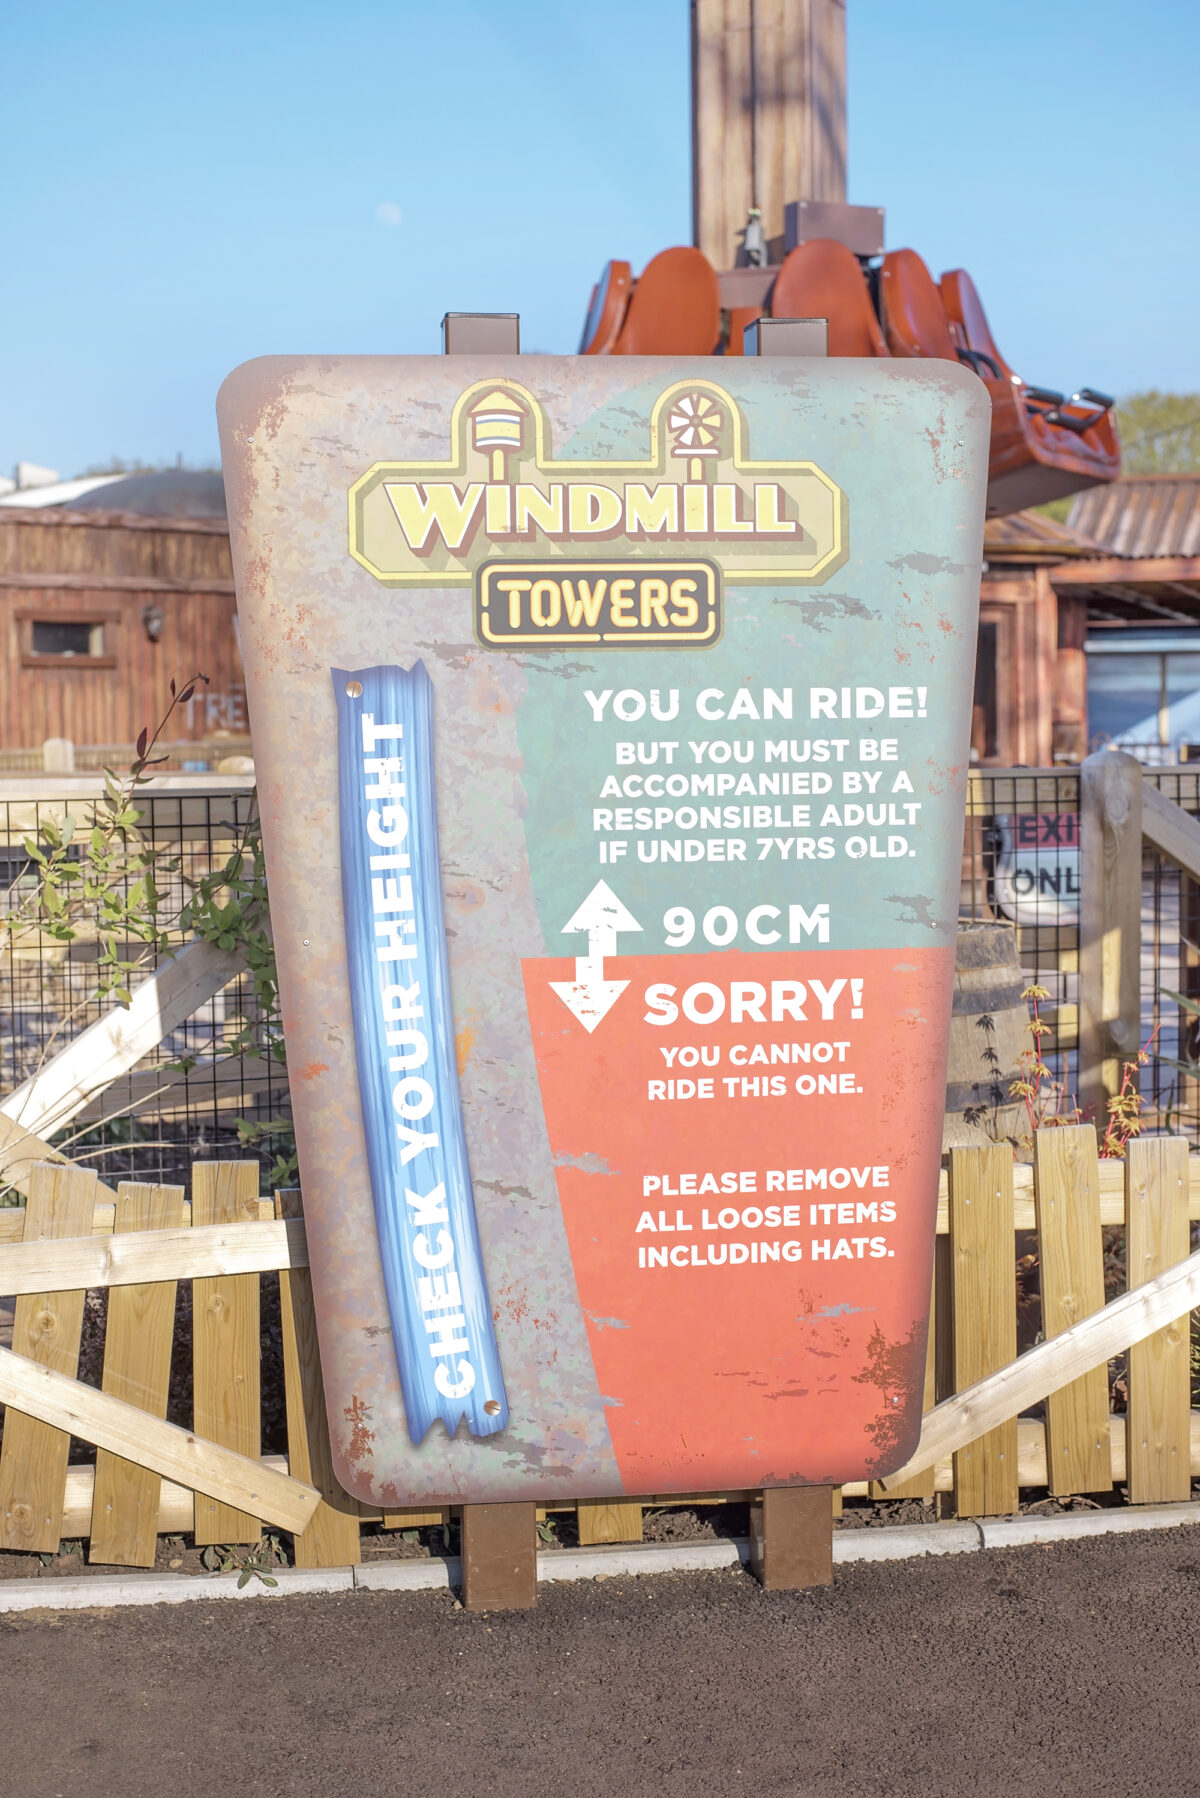 Image shows the ride restrictions for Windmill Falls at Tornado Springs in Paultons Park.
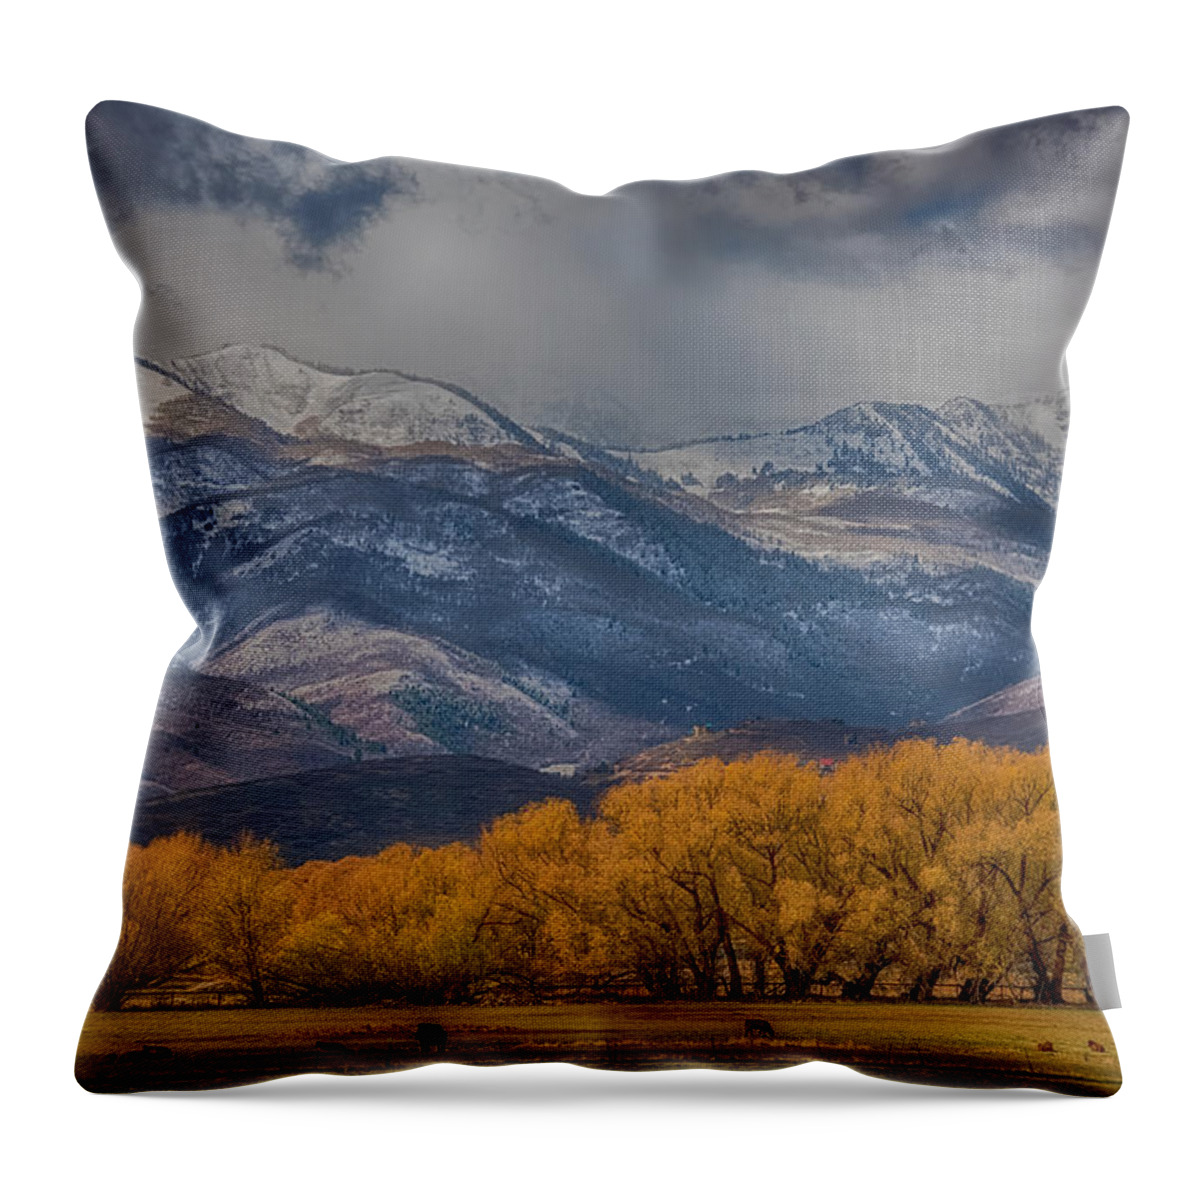 Pasture Throw Pillow featuring the photograph Cows Trees Mountains and Clouds by Paul Freidlund
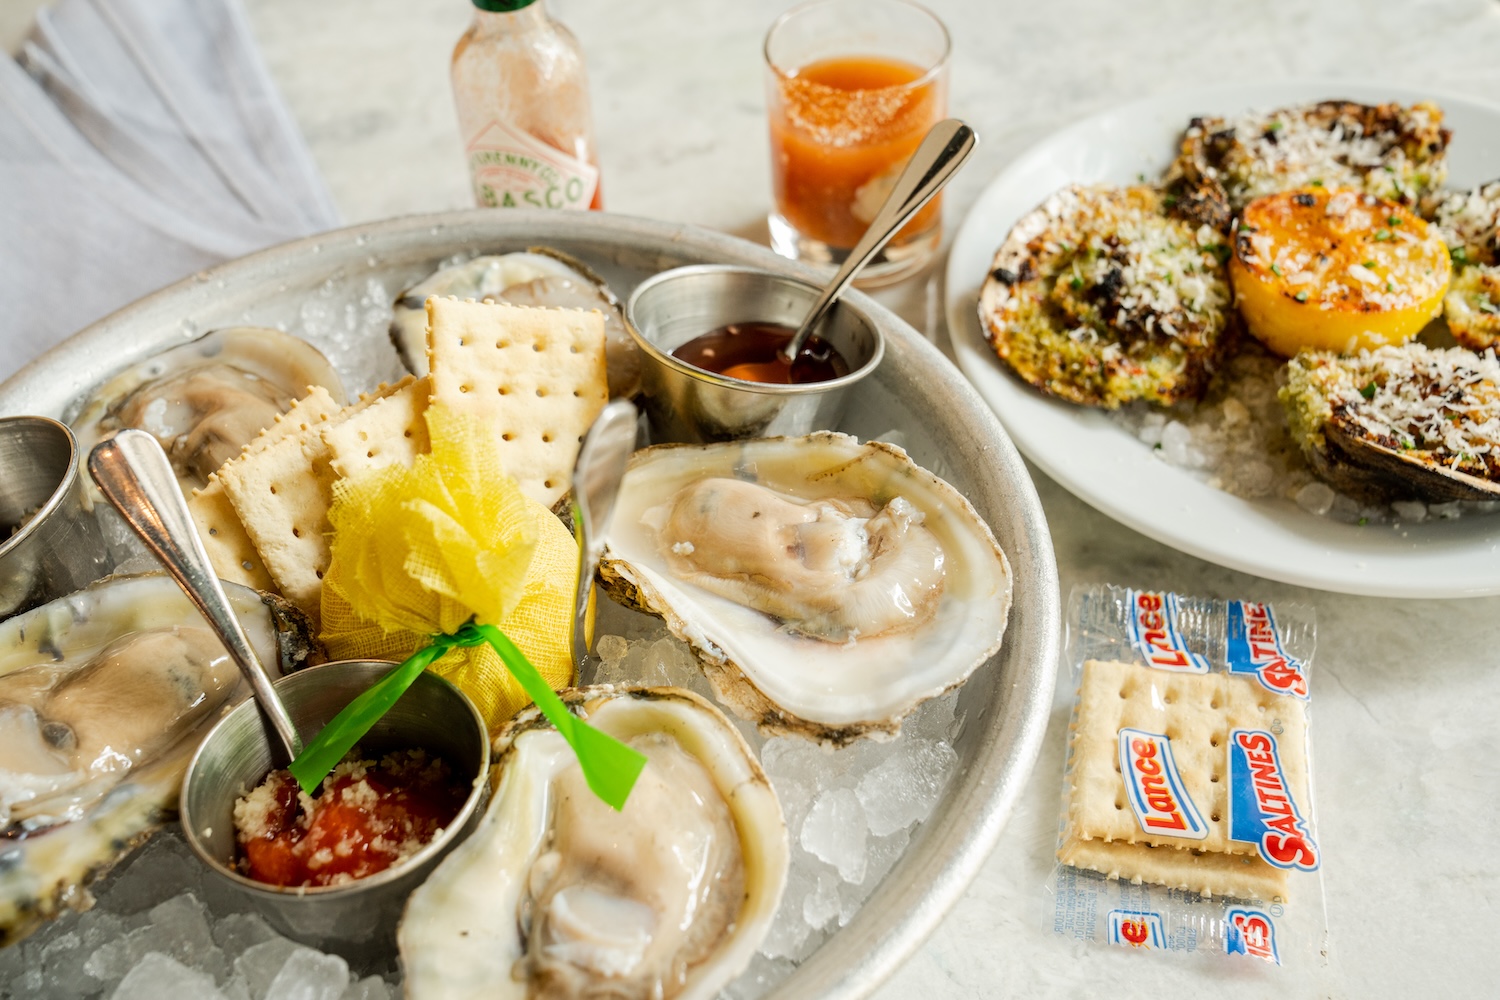 Drake Leonard's Eunice includes a raw bar stocked with fresh oysters

- - -

• **YOUR TASK**:
The lines from the one containing "Pasture Throw Pillow" to the final line of the material, both ends included, should be retyped exactly and alone, with no pictures.

• **WRITTEN REPLY**:
 Pasture Throw Pillow featuring the photograph Cows Trees Mountains and Clouds by Paul Freidlund
 Drake Leonard's Eunice includes a raw bar stocked with fresh oysters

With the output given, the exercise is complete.